Льды уходят в океан - Лебеденко Петр Васильевич 31 стр.


4

А через два года, когда Полянке минуло уже десять, случилась беда, навсегда легшая тяжелым грузом на душу Захара Гуляева.

Говорят, люди сердцем чуют несчастье. Болит оно вроде заранее, ноет. А вот Захар ничего не чуял в тот день, когда собрался в село, чтобы сдать там пушнинку и закупить охотничьих припасов, да керосину, да спичек…

Позавтракав, попрощался с Анфиской и с Полянкой и, уже стоя на пороге, вдруг сказал:

- А ты, дочка, не хочешь пойти? Заночуем в селе, картину-кино поглядим… Айда?

Полянка с радостью согласилась. Еще бы! Три года назад к ним приезжал усатый дядька из заготконторы, сказал, что там Захару Гуляеву премия есть: патефон и два десятка пластинок. Хотел захватить - не дали. На месте, мол, вручим, торжественно.

Тогда и поехала Полянка в районный центр вместе с отцом и усатым дядькой. И тогда же отец впервые повел ее в кинотеатр, где она увидела и Черное море, и какие-то диковинные деревья, и почти голых людей на песке, и еще всякую всячину. Восторга-то сколько было! Целых полгода только разговоров: "Мам, а волна ка-ак набежит! Те двое, что целовались, ка-ак напужались да в сторону! А корабёль носом под волну, брызги - шр-р-р! Страсти-то какие!"

Отец сказал:

- Гляди, штоб не пищать. Двадцать пять верст идти - не щи хлебать.

- Дойду, батя. По тайге вона сколь бегаю - и ништо. Дойду-у!

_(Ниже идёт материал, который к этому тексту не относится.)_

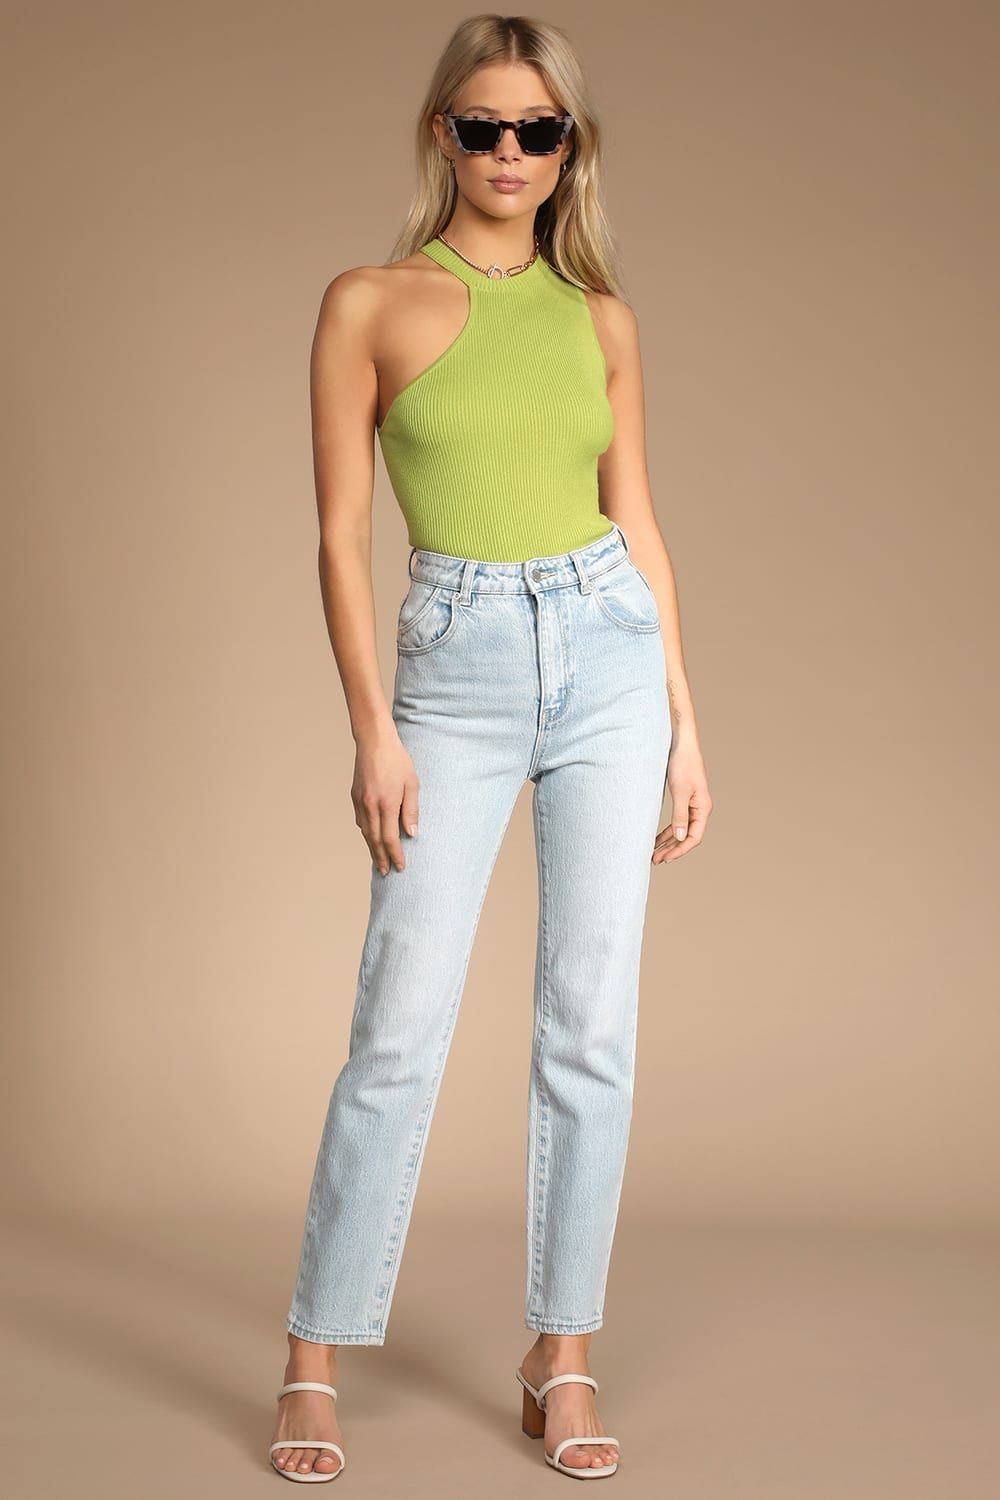 On Your Good Side Lime Green Ribbed Knit Asymmetrical Bodysuit | Lulus (US)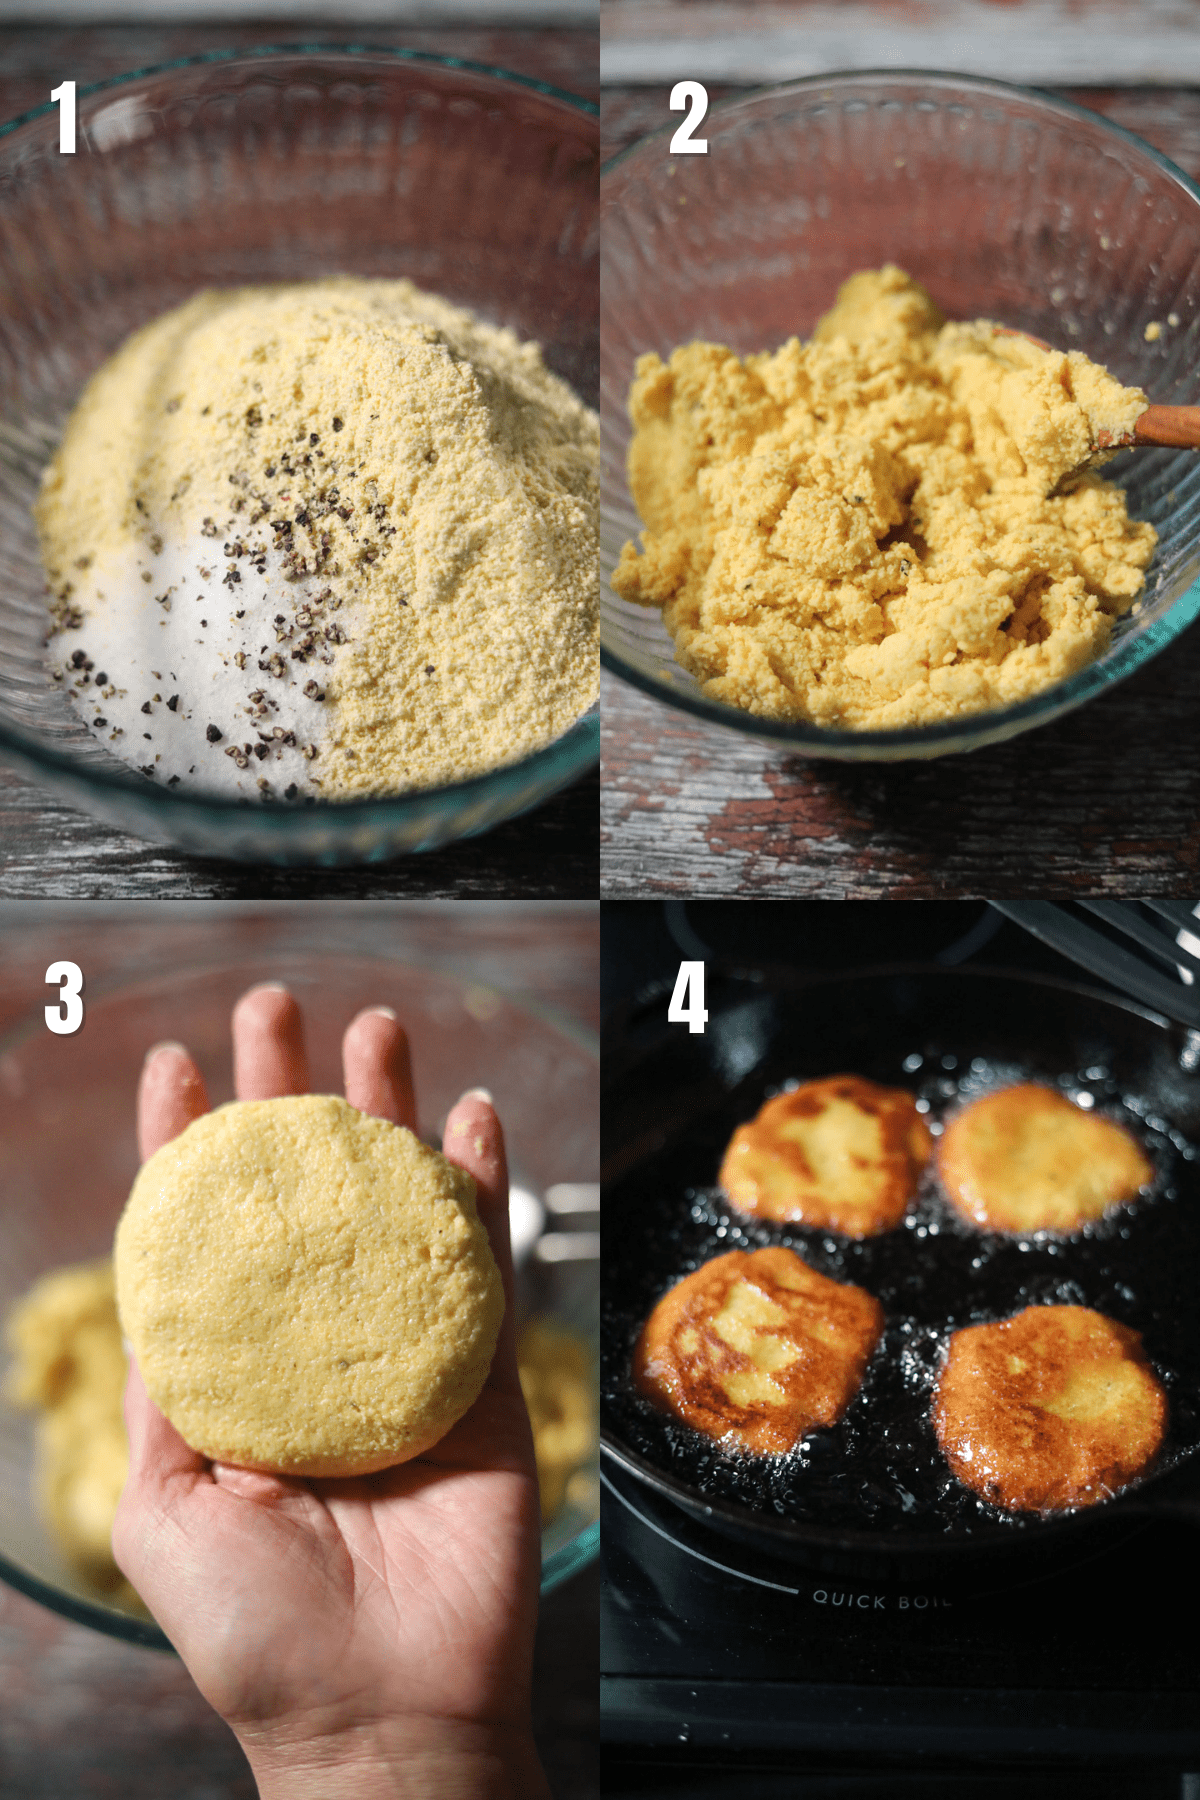 Step-by-step images for making hot water cornbread.

В село они пришли почти за полночь. Два раза пришлось отдыхать в тайге, один привал был особенно долгим: притомилась все-таки Полянка. Хотя и не жаловалась, но отец видел: плетется еле-еле, чуть с ног не валится.

А когда добрались до Дома крестьянина, Полянка взмолилась:

- Давай, батя, картину-кино завтра глядеть будем. А то вдруг засну там - пропадет все.

Захар согласился: завтра так завтра. Сегодня и механики, поди, уже спят, какое кино глухой ночью?

На третий день чуть свет тронулись домой. Против обыкновения, Полянка была грустная и точно замкнулась в себе. Захар не приставал с расспросами. "Это от кино, - думал он. - Вот все в ней уляжется - разговорится".

Но она так и не разговорилась. Только в полдень, когда присели закусить, спросила:

- Батя, когда зверь убивает другого зверя, это ему еда. А когда человек убивает человека?

- Не всякий человек - Человек, дочка, - ответил Захар. - Есть люди похуже зверей… Страшные есть люди на земле…

- Много таких? - спросила Полянка.

- Немало. - Помолчал, вспоминая что-то, и повторил: - Да, немало, дочка… Давай-ка дальше шагать, мамка твоя небось давно нас выглядывает.

К заимке подходили к вечеру. Оставалось всего полторы-две версты, когда Полянка вдруг остановилась, с тревогой поглядела на отца.

- Ты чего? - спросил Захар.

- Чую што-то, батя. Вроде бы гарь. Ты не чуешь?

Захар потянул носом, тоже встревожился. Гарь. И тянет со стороны заимки. Господи, не беда ль какая?!

- Ну-ка, давай свою сумку, налегке прытче пойдешь, - сказал Захар. - Не отставай.

Полянка едва поспевала за ним. Бежала, спотыкаясь и падая, отец помогал ей подняться, тащил за руку.

А гарь все шибче и шибче била в ноздри, будто где-то совсем рядом пылал огонь. И жарко было обоим, не то от огня, не то от тревоги.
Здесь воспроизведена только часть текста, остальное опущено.